Traduction par Ballin, L..
Paris E. Leroux (1p. 349-354).


CHAPITRE LII


LÉGENDES SARASVATIENNES


Argument : Bala se baigne dans ce tîrtha. Il va au tîrtha du mouni Sârasvata. Légende de Dadhîka, père de Sârasvata, et naissance de ce dernier. La Sarasvati, sa mère l’apporte à Dadhîka, qui l’en remercie et lui en marque sa reconnaissance. Dadhika donne à Indra ses os, pour en faire des armes divines avec lesquelles il tuera les ennemis des dieux. Il arrive une grande sécheresse pendant laquelle la Sarasvatî nourrit son fils qui continue à réciter les Védas. Soixante mille rishis qui, pendant que la faim les forçait à pourvoir à leur nourriture, ont oublié les Védas, se font ses disciples pour qu’il les leur enseigne de nouveau. Bala fait ses dévotions au tîrtha de Sârasvata et va à celui de la vieille fille.

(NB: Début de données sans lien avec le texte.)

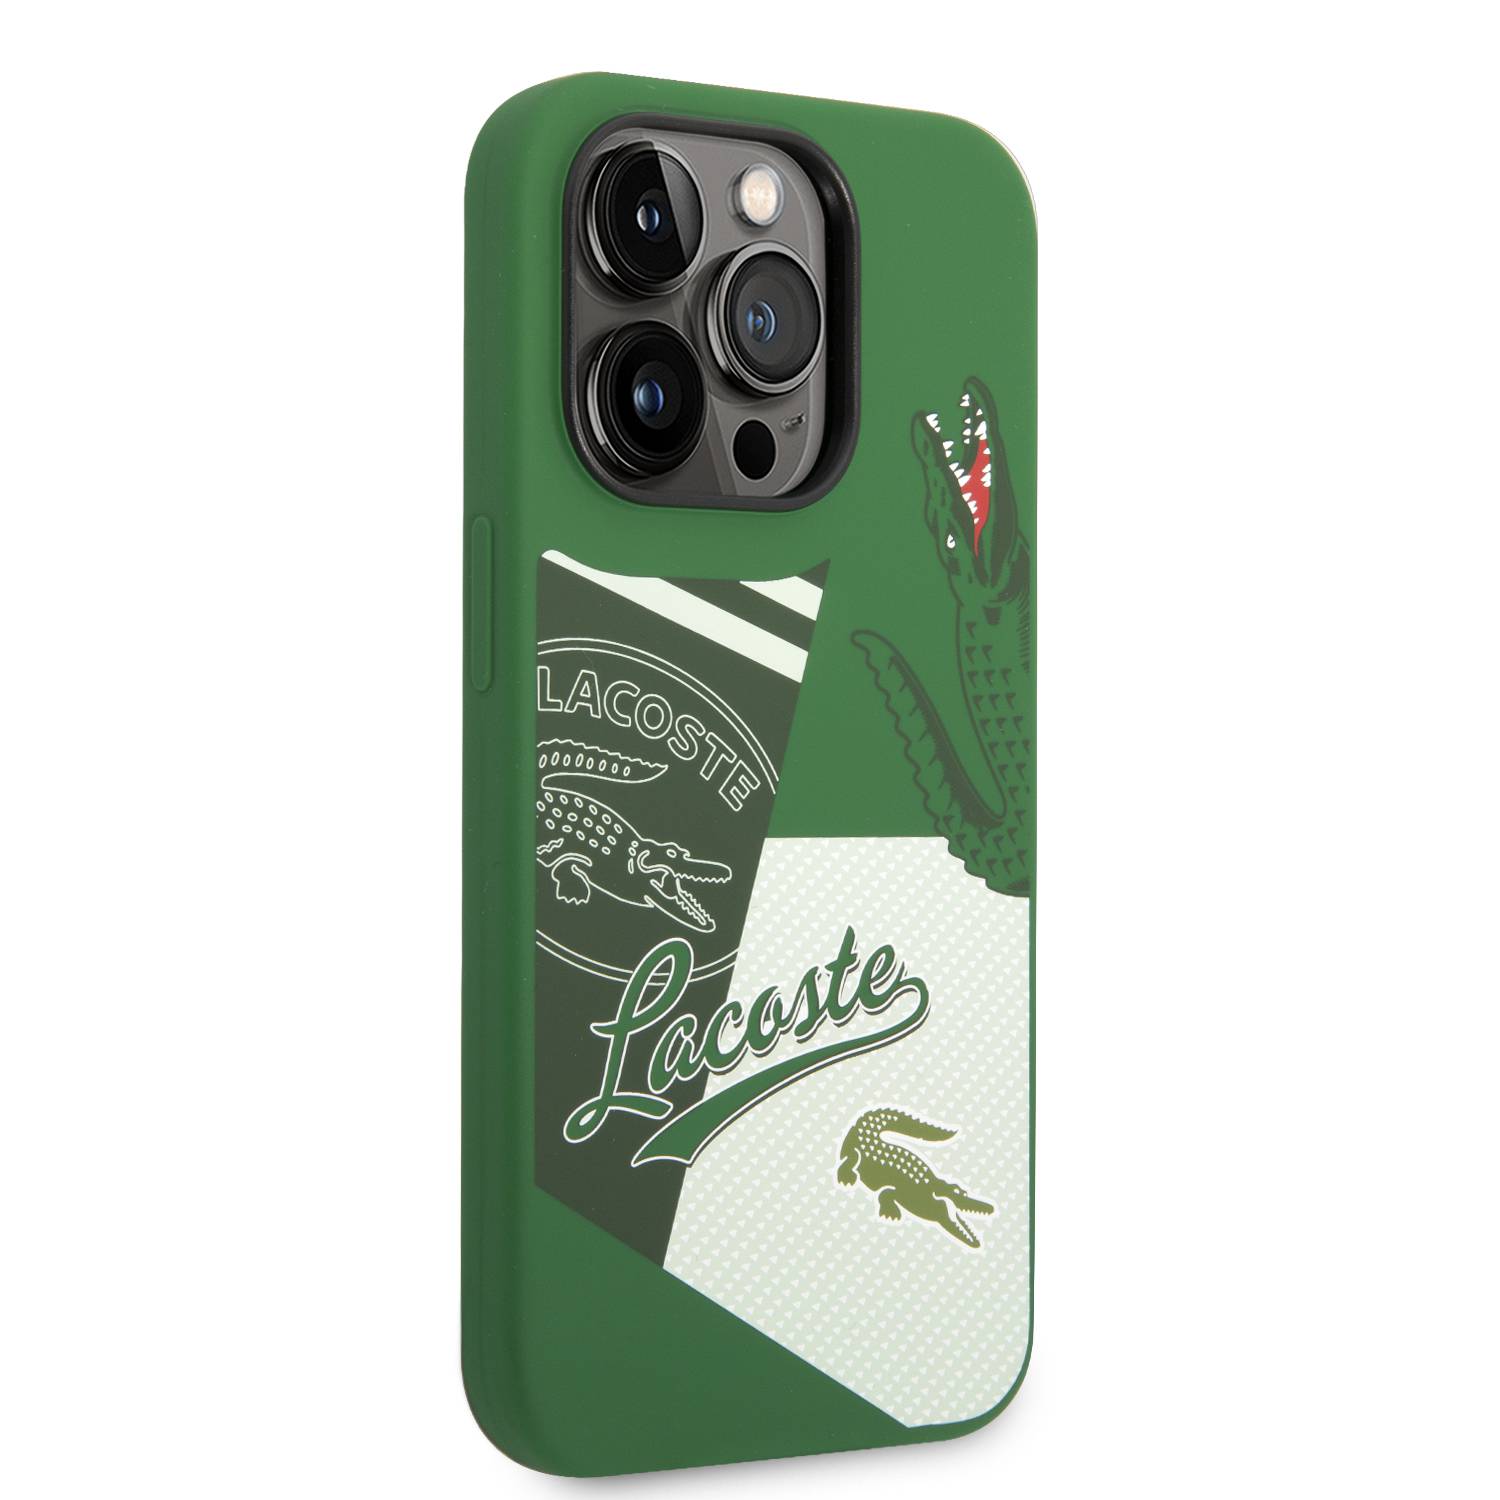 Compatible iPhone 14 Pro Case | Lacoste Hard Case | High Protection

2925. Vaiçampâyana dit : Bharatide, il y eut un grand combat à cause de Târakâ (épouse de Vrihaspati, enlevée par Soma), dans ce tîrtha où le maître des étoiles avait offert le sacrifice râjasoûya.

2926. Après s’y être baigné et y avoir fait des largesses, le vertueux Bala, qui avait dompté ses sens, alla au tîrtha du mouni Sàrasvata.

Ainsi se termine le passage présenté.